Nixon Cambodian Speech : Transcription of Speech
The Cambodian Campaign (also known as the Cambodian Incursion) was a series of military operations conducted in eastern Cambodia during mid-1970 by the United States (U.S.) and the Republic of Vietnam (South Vietnam) during the Vietnam War. These invasions were a result of policy of President Richard Nixon whose decision it was to invade. A total of 13 major operations were conducted by the Army of the Republic of Vietnam (ARVN) between 29 April and 22 July and by U.S. forces between 1 May and 30 June.
The objective of the campaign was the defeat of the approximately 40,000 troops of the People’s Army of Vietnam (PAVN) and the National Front for the Liberation of South Vietnam (NLF, also known as Viet Cong) who were ensconced in the eastern border regions of Cambodia. As great a prize as the defeat of these forces was the possibility of the occupation and destruction of large communist base areas and sanctuaries, which had been protected by Cambodian neutrality since their establishment in 1966. As far as the U.S. was concerned, such a course of action would provide a shield behind which the policy of Vietnamization and the withdrawal of U.S. forces from South Vietnam could proceed unmolested.

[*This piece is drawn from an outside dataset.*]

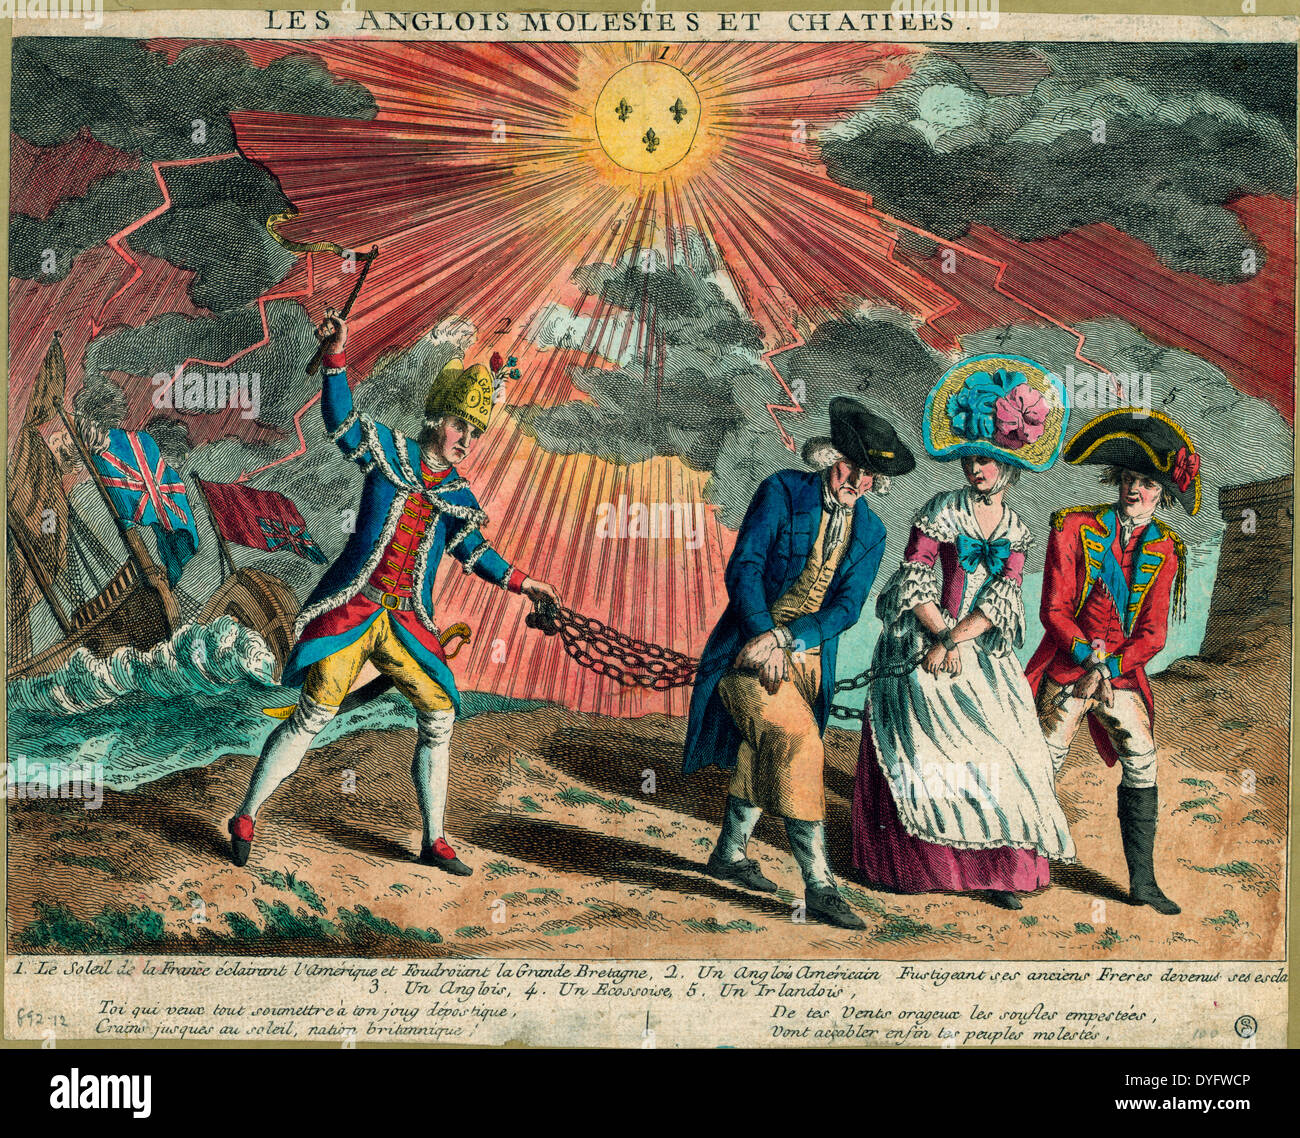 Les Anglois molestes et chatiees - l'anglais et français molesté puni - caricature politique, 1779 Banque D'Images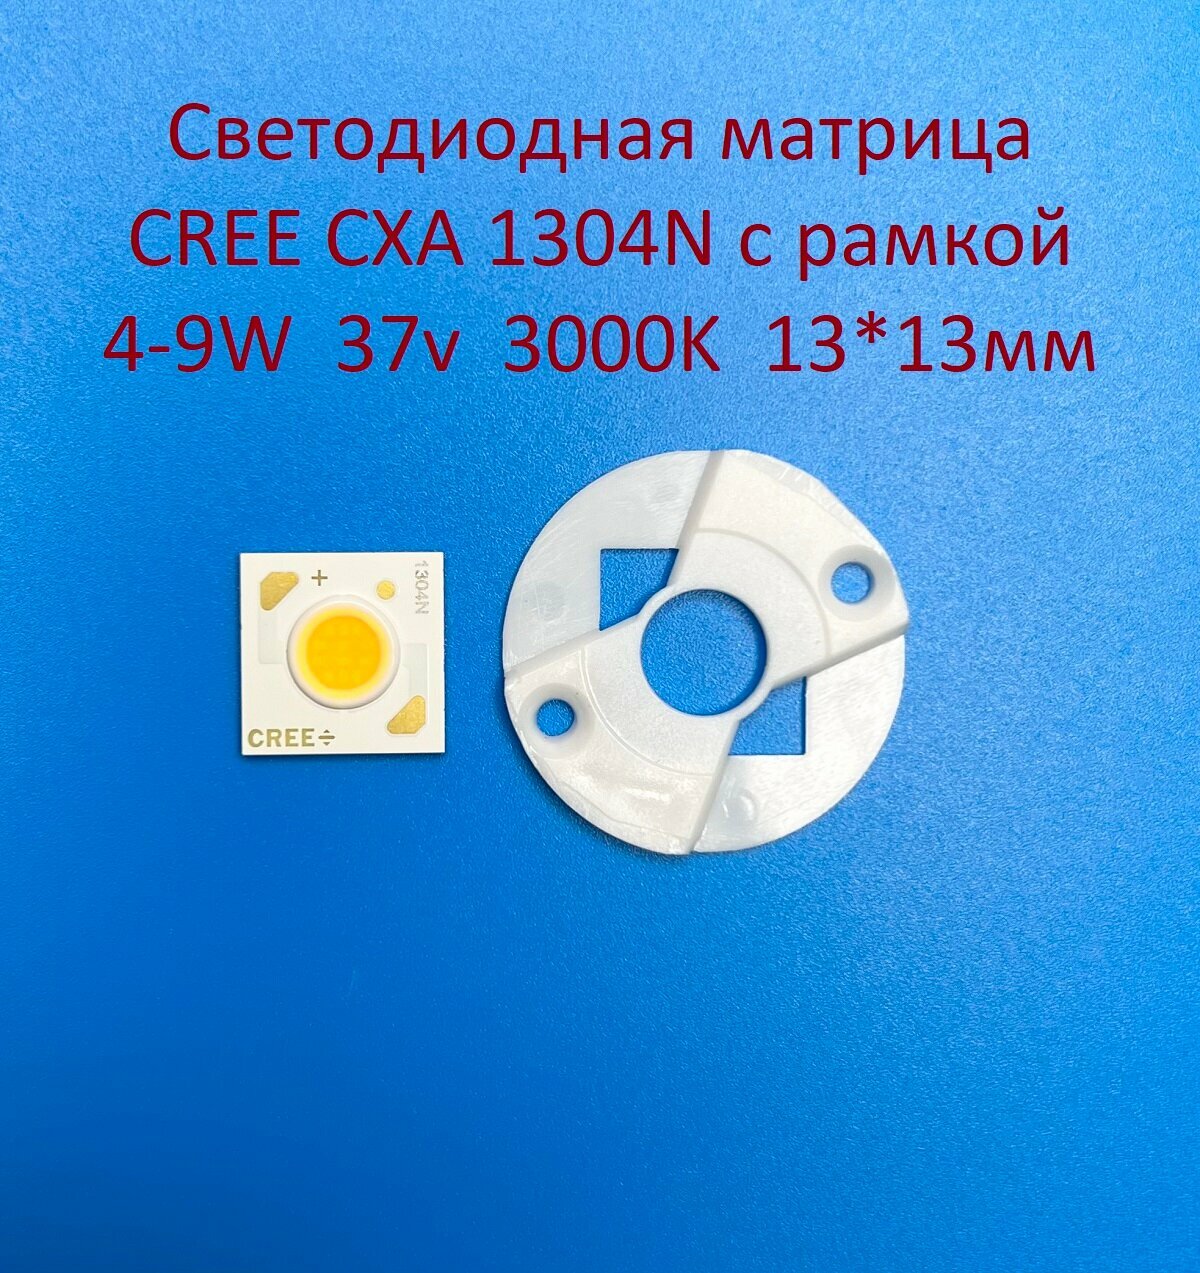 Светодиодная матрица Cree CXA 1304N 4-9W 37v 100-250mA Белая тёплая 3000K 13*13мм с рамкой

A change in the Cambodian government allowed a window of opportunity for the destruction of the base areas in 1970 when Prince Norodom Sihanouk was deposed and replaced by pro-American General Lon Nol. Allied military operations failed to eliminate many communist troops or to capture their elusive headquarters, known as the Central Office for South Vietnam (COSVN), but the haul of captured material in Cambodia prompted claims of success and victory which remain controversial to this day.